I am running a test case, in which I have to first login to a web page
then I have to go to some particular page in the same web site, then
extract some data from that page. The data is in the table.

Such as the script first call http://localhost/login.asp, then we enter
user name and password, then we click on login button. By this we enter
to the web page, then we go to http://localhost/achievements.asp, from
this page we want to extract the data residing in html table. What
should be the approach to do this.

I can use the below code to extract the data if I have not to login to
the web site.

require 'net/http'

# read the page data

http = Net::HTTP.new('kvcrpf.org, 80)
resp, page = http.get('/achievements.htm', nil )

# BEGIN processing HTML

def parse_html(data,tag)
return data.scan(%r{<#{tag}\s*.*?>(.*?)</#{tag}>}im).flatten
end

output = []
table_data = parse_html(page,"table")
table_data.each do |table|
out_row = []
row_data = parse_html(table,"tr")
row_data.each do |row|
cell_data = parse_html(row,"td")
cell_data.each do |cell|
cell.gsub!(%r{<.*?>},"")
end
out_row << cell_data
end
output << out_row
end

# END processing HTML

# examine the result

def parse_nested_array(array,tab = 0)
n = 0
array.each do |item|
if(item.size > 0)
puts "#{"\t" * tab}[#{n}] {"
if(item.class == Array)
parse_nested_array(item,tab+1)
else
puts "#{"\t" * (tab+1)}#{item}"
end
puts "#{"\t" * tab}}"
end
n += 1
end
end

parse_nested_array(output[2][4])

aa, ab, ac, ad = output[2][4]

puts"hello"
puts aa + "\t" + ab + "\t" + ac + "\t" + ad

Peter Szinek · Jan 12, 2007

Vikash said:
I am running a test case, in which I have to first login to a web page
then I have to go to some particular page in the same web site, then
extract some data from that page. The data is in the table.

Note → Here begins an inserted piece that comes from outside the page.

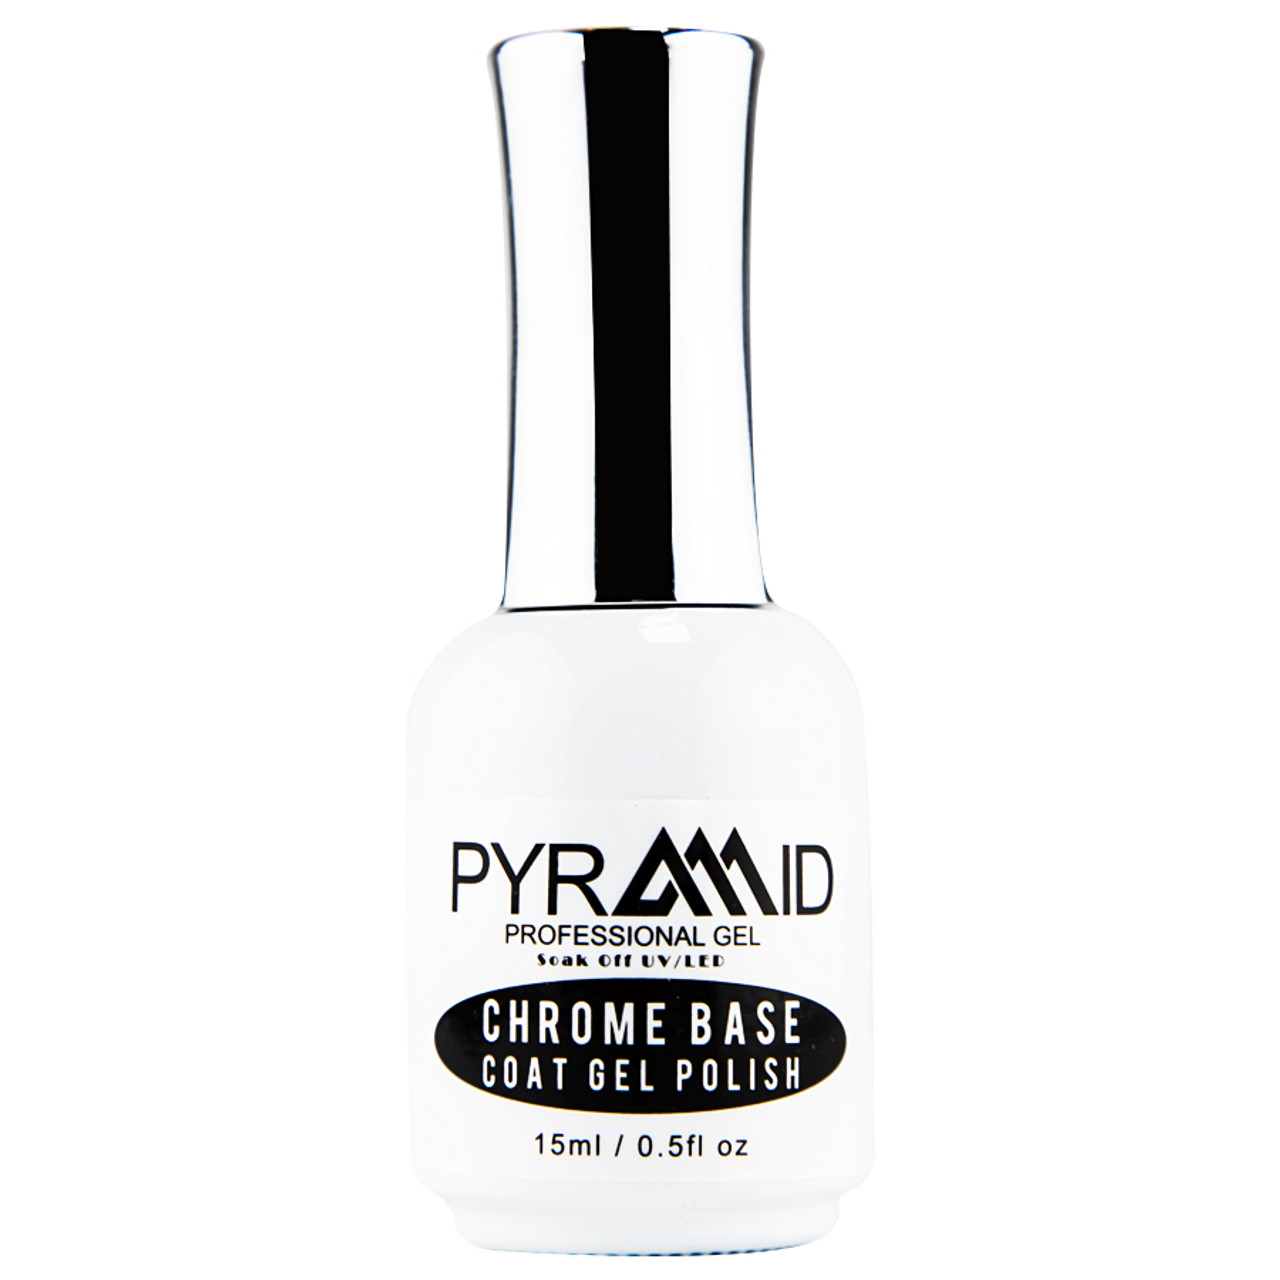 Pyramid Chrome Base Coat Gel Polish

Such as the script first call http://localhost/login.asp, then we enter
user name and password, then we click on login button. By this we enter
to the web page, then we go to http://localhost/achievements.asp, from
this page we want to extract the data residing in html table. What
should be the approach to do this.

I can use the below code to extract the data if I have not to login to
the web site.

In 2 days I am going to release a web extraction toolkit which will do
exactly what you want (and more of course, but this is a basic use
case)... It's based on Mechanize (which is used for login like stuff)
and HPricot for extracting the relevant stuff. The scenario you
described is an absolutely typical one, so you could try it with my stuff...

I will post here an announcement after the release.

Cheers,
Peter

__
http://www.rubyrailways.com

Vikash Kumar · Jan 13, 2007

require 'net/http'

# read the page data

http = Net::HTTP.new('kvcrpf.org, 80)
resp, page = http.get('/achievements.htm', nil )

# BEGIN processing HTML

The code given above can be used to extract values from a web page, I we
don't have to login to a web page, we know in advance which URL to look
for to get data from it, but the problem is to first login to a page,
then go to some desired location to scrap values from it.

Please help me out in doing this.
Thanks in advance
Vikash

lrlebron · Jan 13, 2007

If you are running on a windows platform that you should look at watir.
It will let you control Internet Explorer and log in to a site.

Luis

Rodrigo Bermejo · Jan 14, 2007

Vikash said:
The code given above can be used to extract values from a web page, I we
don't have to login to a web page, we know in advance which URL to look
for to get data from it, but the problem is to first login to a page,
then go to some desired location to scrap values from it.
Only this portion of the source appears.